Secondly, we have to declare the return type of these functions every time
we use them. Finally there is a major drawback: here, the data
(d1
...d5
) is read three times because there is no way to know that it
has already been read.
These last points can all be easily addressed. Indeed, if a function is a
pure function (with no side
effects), calling the function with the same values as arguments will always
return the same value.

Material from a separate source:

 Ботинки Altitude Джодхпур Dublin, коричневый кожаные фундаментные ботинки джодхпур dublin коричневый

In our program, the functions have no arguments, so we
only need to build once the return value and cache it for subsequent calls.
This mechanism is known as
memoization.
For each node we write a builder, which is a subroutine that builds a valid value of an entity (according to the equations given at the beginning of this section).

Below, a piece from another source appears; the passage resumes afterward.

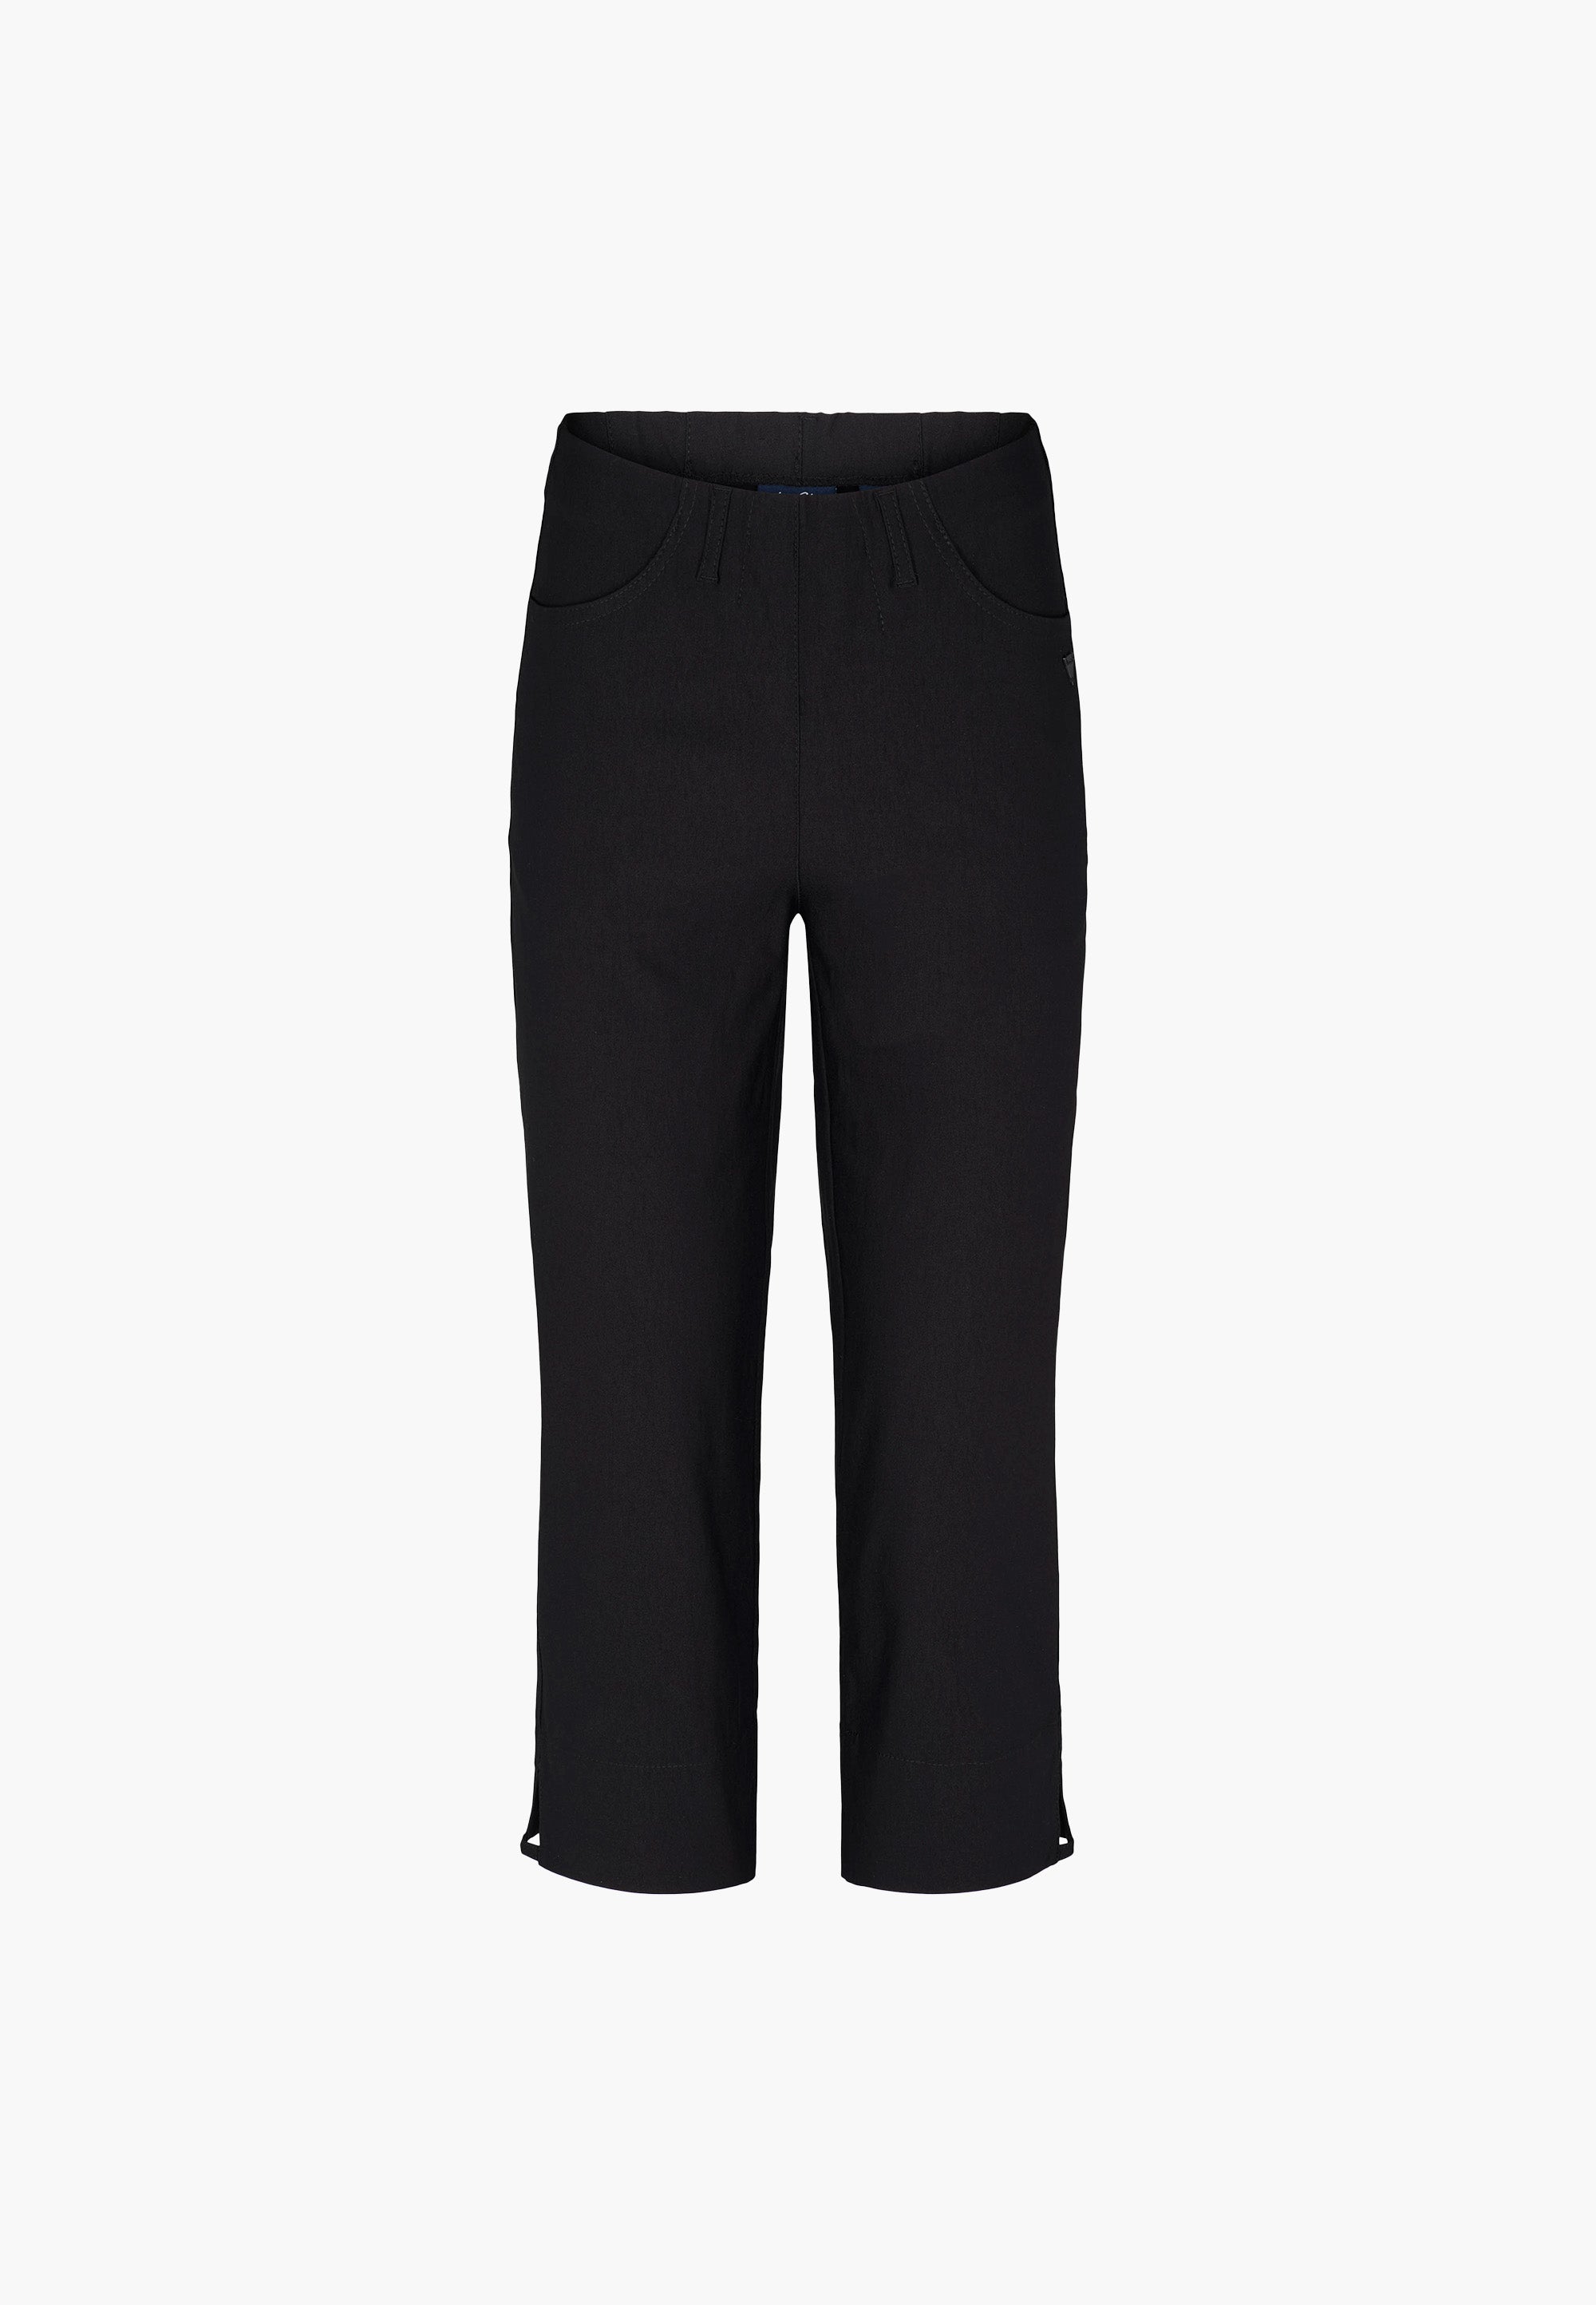 LAURIE  Anabelle Regular Capri ML Trousers REGULAR 99970 Black

subroutine build_t(x,y,result)
implicit none
integer, intent(in) :: x, y
integer, intent(out) :: result
result = x + y + 4
end subroutine build_t
subroutine build_w(x,result)
implicit none
integer, intent(in) :: x
integer, intent(out) :: result
result = x + 3
end subroutine build_w
subroutine build_v(x,y,result)
implicit none
integer, intent(in) :: x, y
integer, intent(out) :: result
result = x + y + 2
end subroutine build_v
subroutine build_u(x,y,result)
implicit none
integer, intent(in) :: x, y
integer, intent(out) :: result
result = x + y + 1
end subroutine build_u
subroutine build_d(d1,d2,d3,d4,d5)
implicit none
integer, intent(out) :: d1,d2,d3,d4,d5
read(*,*) d1,d2,d3,d4,d5
end
Then, we write a provider for each entity. A provider is a subroutine with no input arguments whose role is to prepare a valid value of an entity. It calls the providers of the needed entities, calls the builder of the desired entity, saves the computed value in a cache and then marks the quantity as built. The next calls to the provider will return the cached value.

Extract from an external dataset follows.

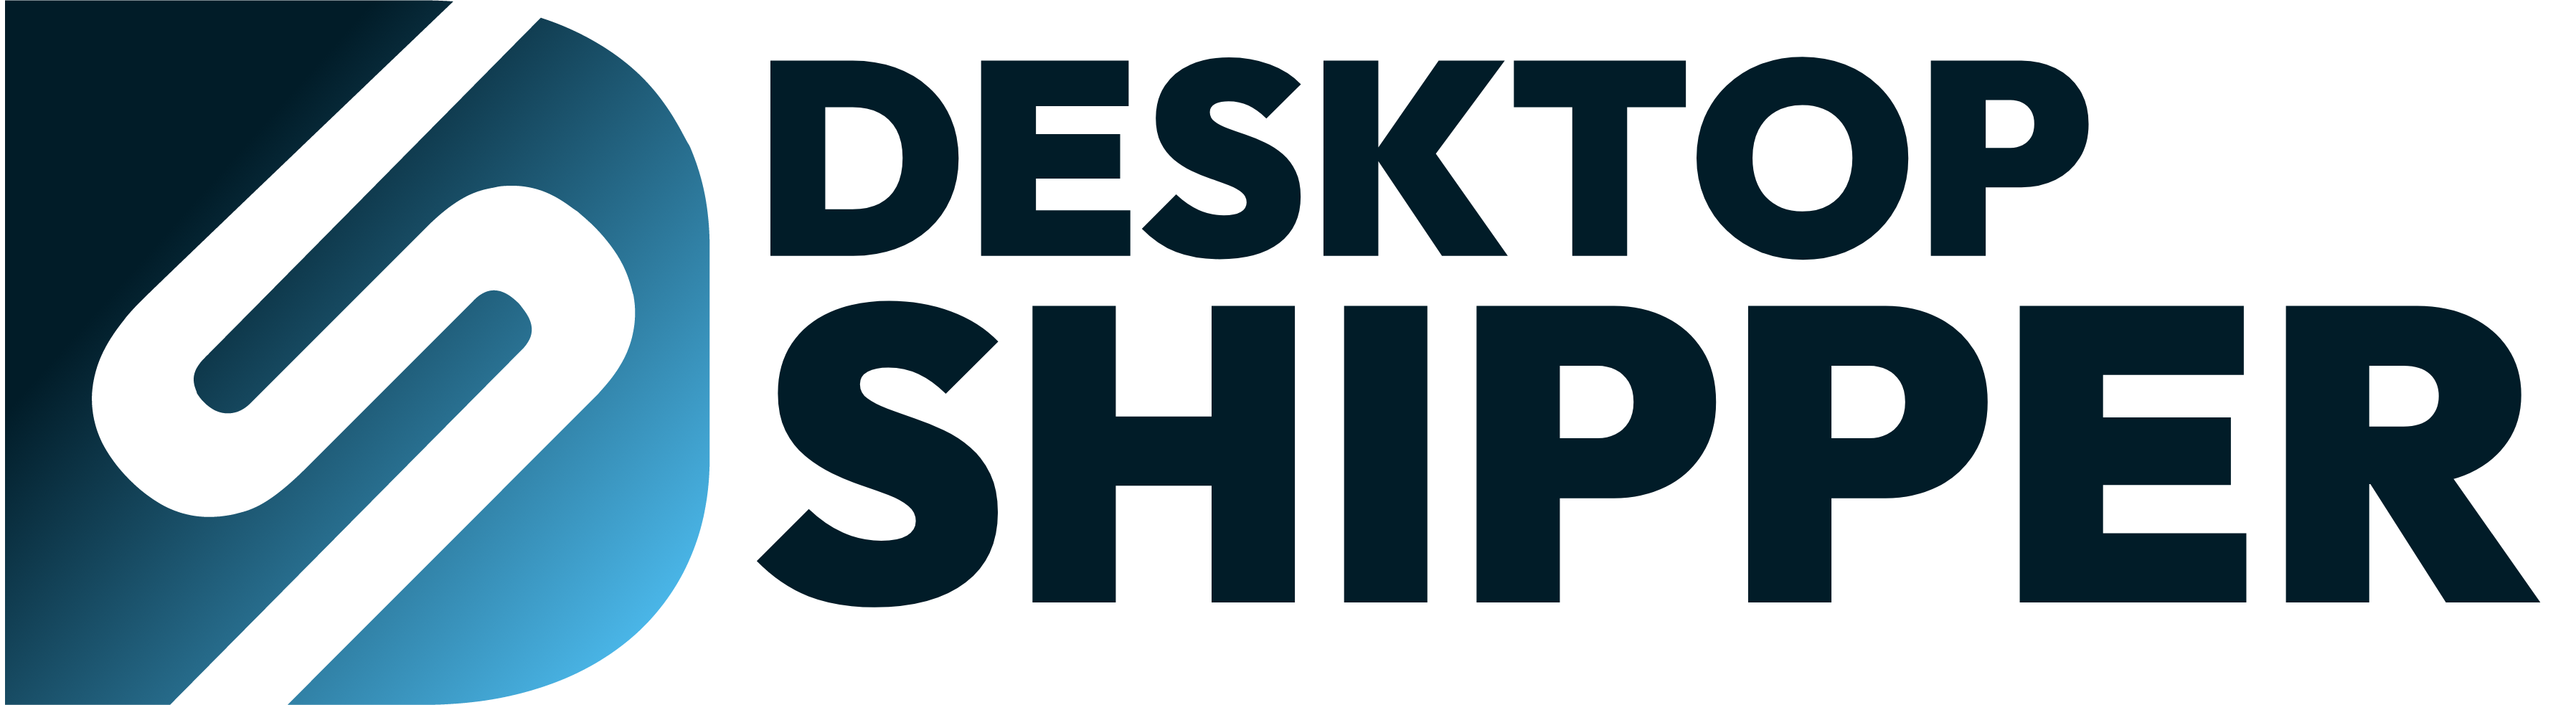 DesktopShipper Transparent Background Logo 2-1

Before writing the providers, we need to create a global variable for each
node of the tree, as well as a flag to mark it as built. For convenience, we
shall put all of them in a Fortran module nodes
:
module nodes
! Nodes
integer :: u1
logical :: u1_is_built = .False.
integer :: u2
logical :: u2_is_built = .False.
integer :: v
logical :: v_is_built = .False.
integer :: w
logical :: w_is_built = .False.
integer :: t
logical :: t_is_built = .False.
! Leaves
integer :: d1, d2, d3, d4, d5
logical :: d_is_built = .False.
end module
subroutine provide_t
use nodes
implicit none
if (.not.t_is_built) then
call provide_u1
call provide_v
call build_t(u1,v,t)
t_is_built = .True.
endif
end subroutine provide_t
subroutine provide_w
use nodes
implicit none
if (.not. w_is_built) then
call provide_d
call build_w(d5,w)
w_is_built = .True.
endif
end subroutine provide_w
subroutine provide_v
use nodes
implicit none
if (.not. v_is_built) then
call provide_u2
call provide_w
call build_v(u2,w,v)
v_is_built = .True.
endif
end subroutine provide_v
subroutine provide_u1
use nodes
implicit none
if (.not. u1_is_built) then
call provide_d
call build_u(d1,d2,u1)
u1_is_built = .True.
endif
end subroutine provide_u1
subroutine provide_u2
use nodes
implicit none
if (.not. u2_is_built) then
call provide_d
call build_u(d3,d4,u2)
endif
end subroutine provide_u2
subroutine provide_d
use nodes
implicit none
if (.not. d_is_built) then
call build_d(d1,d2,d3,d4,d5)
d_is_built = .True.
endif
end
And the main program is just
program test
use nodes
implicit none
call provide_t
print *, "t=", t
end program
The rules are simple:
- Each entity has only one builder and only one provider
- The arguments of the builder are the values of the needed entities.
- Calling a provider always guarantees that the entity of interest is valid after the provider has been called
Applying rigorously these rules makes the development of large codes as easy as for smaller codes.